Kualitas hidup yang lebih baik melalui bahan bakar fosil? Dalam hal ini, dia dan rekan-rekannya di pemerintahan Trump kini berdiri sendiri di planet Bumi. Hampir setiap negara kini telah memilih—melalui perjanjian iklim Paris dan upaya seperti yang dilakukan di India—untuk mempercepat transisi dari ekonomi energi berbasis karbon ke ekonomi energi terbarukan.
Penjelasan yang mungkin untuk hal ini: Donald Trump berhutang budi pada kepentingan bahan bakar fosil yang membantunya menduduki jabatan tersebut. Coba pikirkan, misalnya, keputusan Menteri Dalam Negeri Trump baru-baru ini untuk membuka sebagian besar pantai Atlantik dan Pasifik untuk pengeboran lepas pantai (yang sudah lama diinginkan oleh industri minyak dan gas) atau langkah pemerintahannya untuk mencabut pembatasan penambangan batu bara di wilayah federal (yang sudah lama disukai oleh negara-negara federal). industri batubara). Keduanya jelas merupakan tindakan balasan. Namun, kebijakan energi Trump (dan kata-kata Perry) tidak hanya mengintai para raja minyak dan batu bara. Dari sudut pandang Gedung Putih, AS sedang terlibat dalam perebutan kekuasaan global dengan negara-negara pesaingnya dan, diklaim, melimpahnya bahan bakar fosil di AS memberikan keunggulan penting bagi negara tersebut. Semakin banyak bahan bakar yang diproduksi dan diekspor oleh Amerika, semakin besar posisinya dalam sistem dunia yang kompetitif. Itulah sebabnya memaksimalkan produksi bahan bakar tersebut telah menjadi pilar utama kebijakan keamanan nasional Presiden Trump.

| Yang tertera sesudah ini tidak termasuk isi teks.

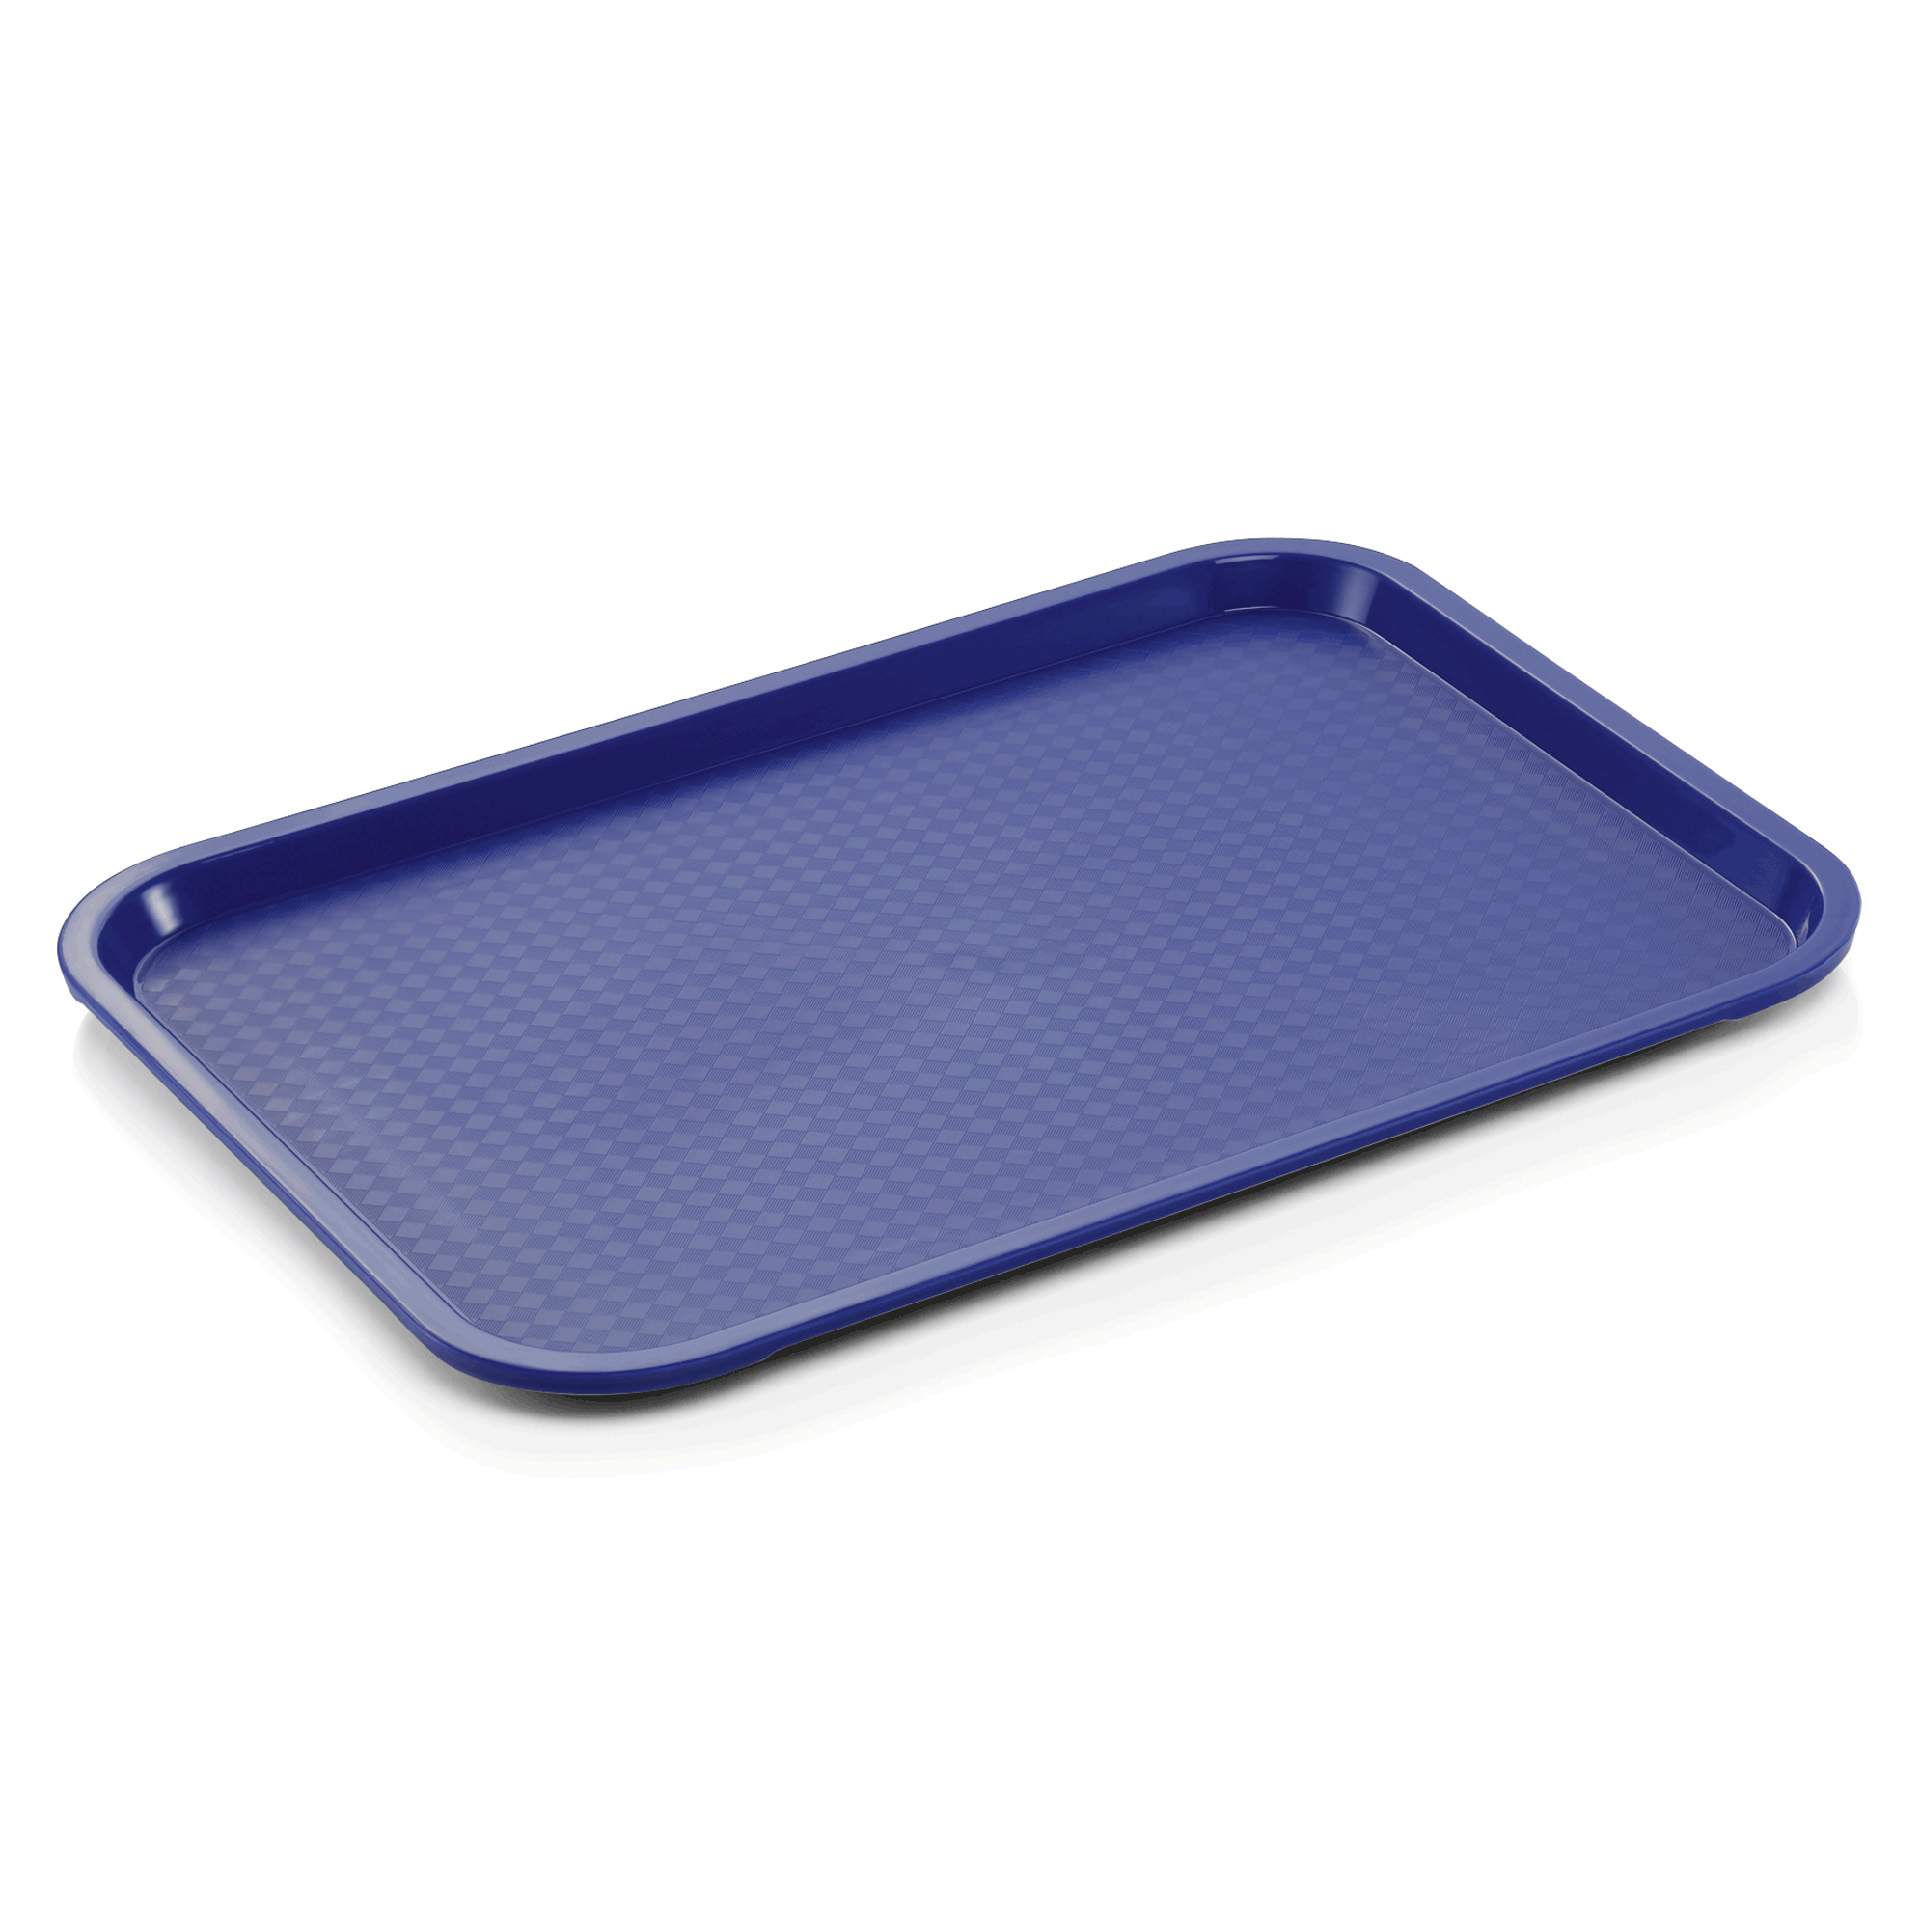 Tablett - Stapelnocken - Serie 9220 - dunkelblau - Abm. 45,5 x 35,5 cm - Polypropylen - premium Qualität - 9221455-A

Ia memaparkan visi distopia dunianya (dan visi para jenderal yang ia pimpin atas apa yang pernah dikenal sebagai “kebijakan luar negeri Amerika”) dalam pidatonya pada tanggal 18 Desember yang mengumumkan dikeluarkannya dokumen Strategi Keamanan Nasional (NSS) yang baru dari pemerintah. “Suka atau tidak,” tegasnya, “kita sedang memasuki era baru persaingan.” AS menghadapi “rezim jahat” seperti Iran dan Korea Utara serta “kekuatan saingannya, Rusia dan Tiongkok, yang berupaya menantang pengaruh, nilai-nilai, dan kekayaan Amerika.” Dalam dunia yang sangat kompetitif ini, tambahnya, “kami akan membela diri kami sendiri, dan kami akan membela negara kami dengan cara yang belum pernah kami lakukan sebelumnya… Saingan kami sangat tangguh. Mereka ulet dan berkomitmen untuk jangka panjang. Tapi kita juga.”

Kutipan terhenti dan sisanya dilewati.